IGDB: Store all games in local database

I am working on a project where I need all games stores on my own local server for performance reasons. So far, my approach has been to write a Cron job that calls the IGB API and store the results of the API calls to my local database once a day. The code that pulls this works (this is a Rails app, so I make a rake task and it’s being scheduled with the whenever gem).

What I’d like to confirm is that I want to avoid to pull “everything” everyday. Rather, I thought that since the IGDB games DB would grow linearly, I could instead start from index 0 and call 500 items, then loop until there were no more items to fetch. Then every day, I could start from the index equal to the length of my games table and pass it as an offset to the endpoint.

It seems to work but I need to confirm on crucial assumption of mine: will IGDB calls always return the same values for the same offsets? Or do I need to put some sort of sorting in there to guarantee it?

Thank you!

Rather than doing what you are doing.
Extract once then use IGDB webhooks to stay up to date.

Since you need to account for deletions. Which’ll throw off your restart point

What the IGDBot says about this on the IGDB Discord

?api_scrape

IGDBot

In most apis, “scrape” is a four-letter word. However, we’ve made it a primary use case. Simply page through our data, 500 records at a time, and save them to your own database! Then setup webhooks and we’ll send you new data as it’s updated.

My apporach is to do caching.
I only store what a user calls for and cache it for 24 hours, locally.

Then the records I do have is always up to date (well I use webhooks to invalidate my cache if a cached record is updated)

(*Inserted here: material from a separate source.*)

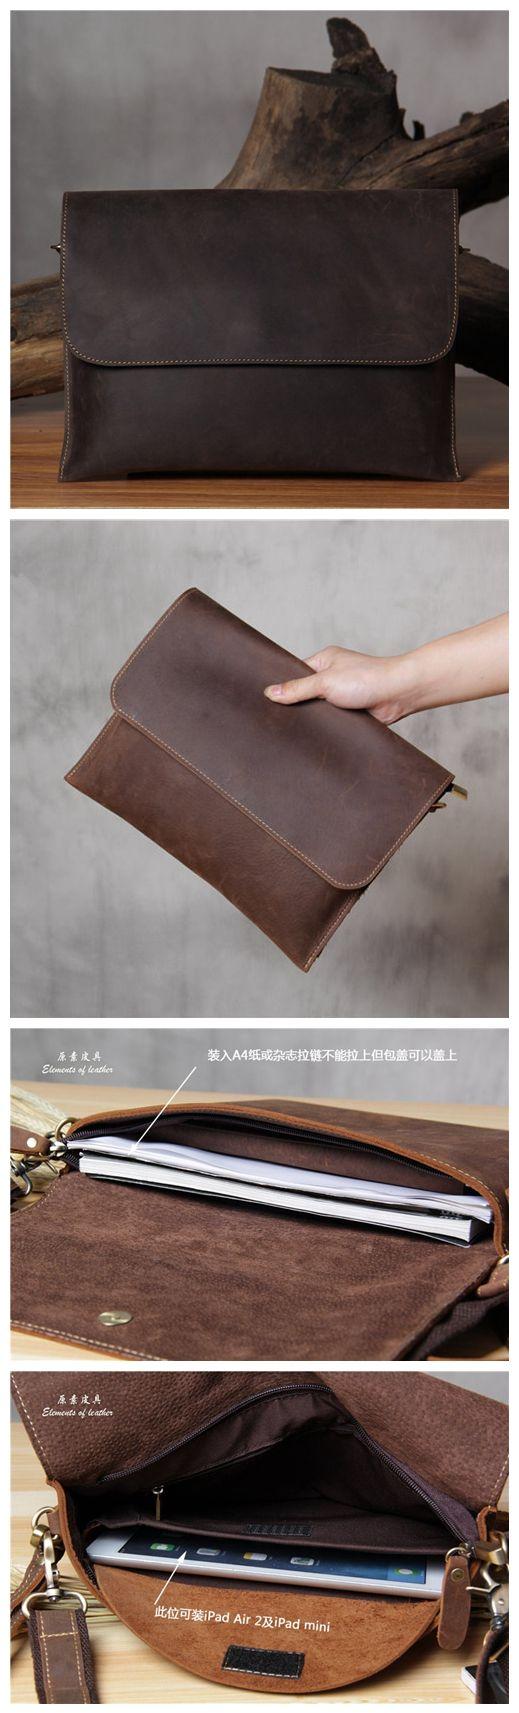 Handmade Genuine Leather Messenger Shoulder Bag, Satchel Bag More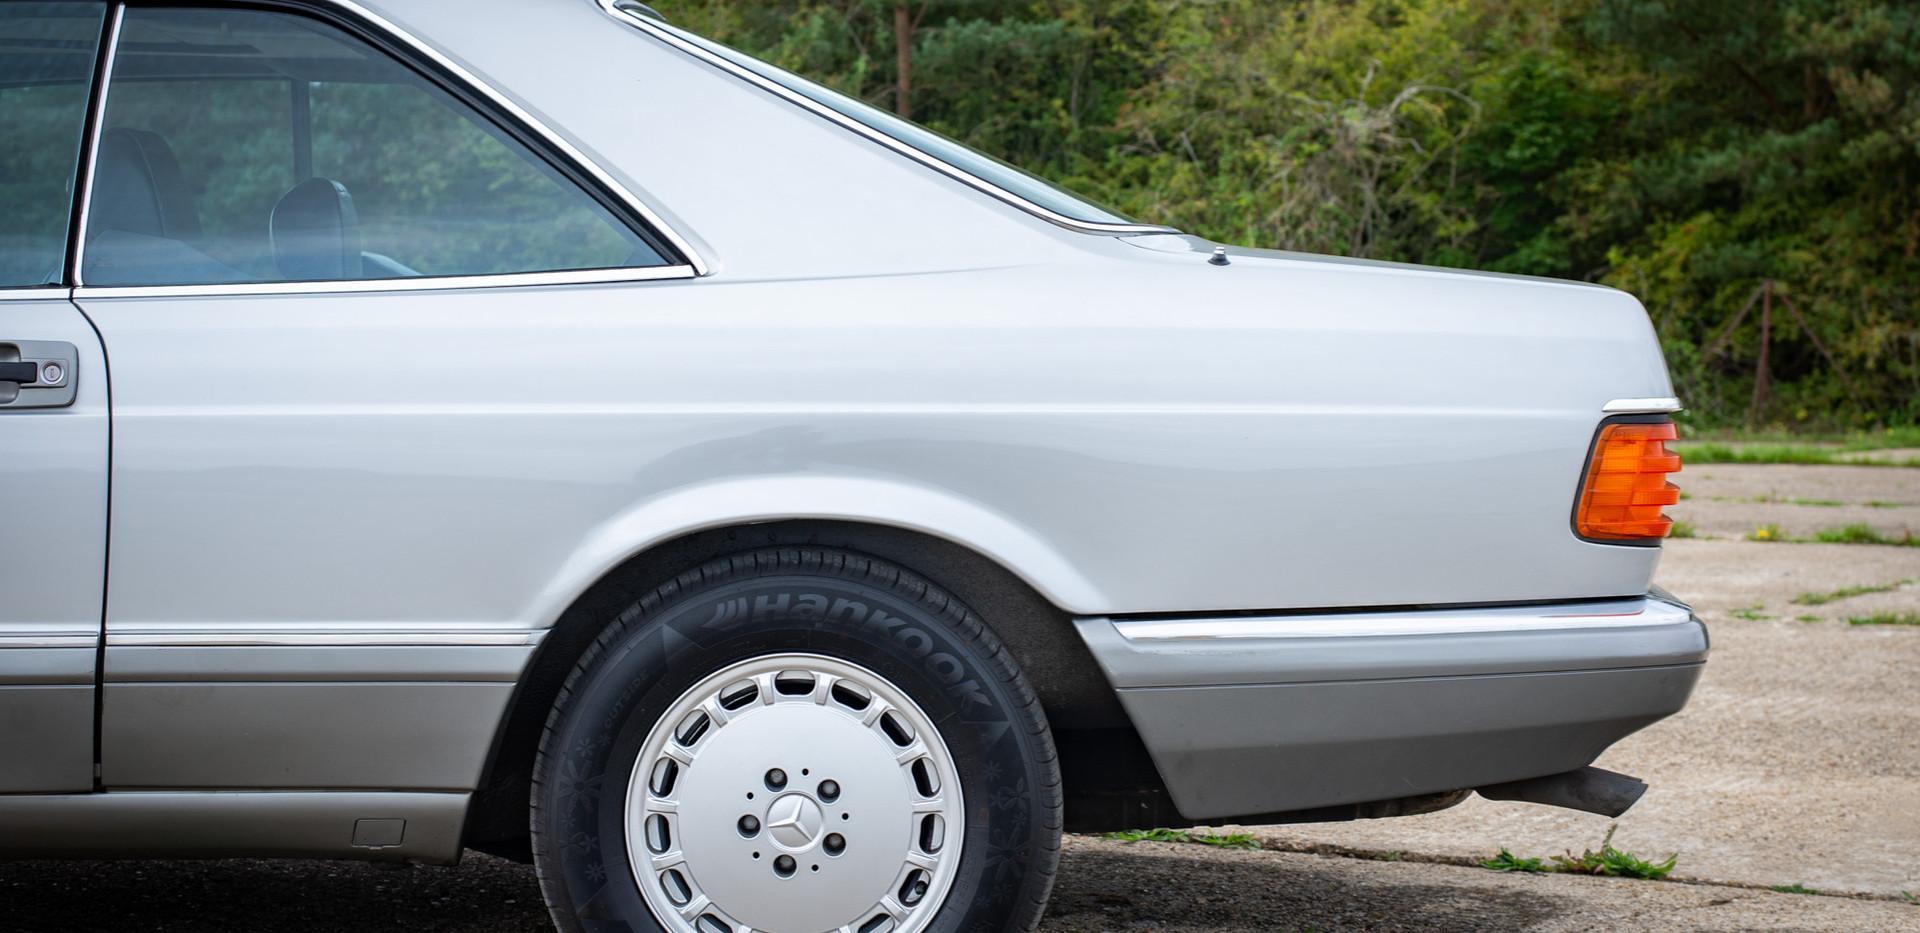 W126 420SEC - Uk for sale london-24.jpg

Rather than doing what you are doing.
Extract once then use IGDB webhooks to stay up to date.
Since you need to account for deletions. Which’ll throw off your restart point

Thanks for the reply! Assuming that I do it this route, how would I know which action to perform based on what the webhooks return? Is it a list of IDs and operations? Since I will be holding the whole lit of games in my DB, I am guessing I am only receiving “the diff” if I can call it that, or am I getting a snapshot of the new entire list? :thinking:

My apporach is to do caching.
I only store what a user calls for and cache it for 24 hours, locally.
Then the records I do have is always up to date (well I use webhooks to invalidate my cache if a cached record is updated)

Right, this was my initial thought but I wanted to be able to create relationships in my DB between Models that were easier to work with, and having part of my data local and part in the 3rd party API made these relations trickier to manage.

But I am curious if this might not be easier to manage, even with rate limiting? I was foreseeing rate limiting being a problem if I had a lot of DB Models tied to the IGDB API, where as if I hosted my own and pulled once every day, I would have control over it. It also meant that if there were maintenance or downtime of IGDB, I had a working version that would still work.

Was I over-engineering this or do you think my concerns were valid? Thanks again!

IGDB’s rate limit is 4 concurrent requests at once, so you might not hit that depending on how you operate.

Sure seems logically you’ll just have a lot of data on hand you might never need

IGDB webhooks are split by record type into three subtype create/update/delete

The webhooks are someone dry on record details but they will not give you a diff.

This topic was automatically closed 30 days after the last reply. New replies are no longer allowed.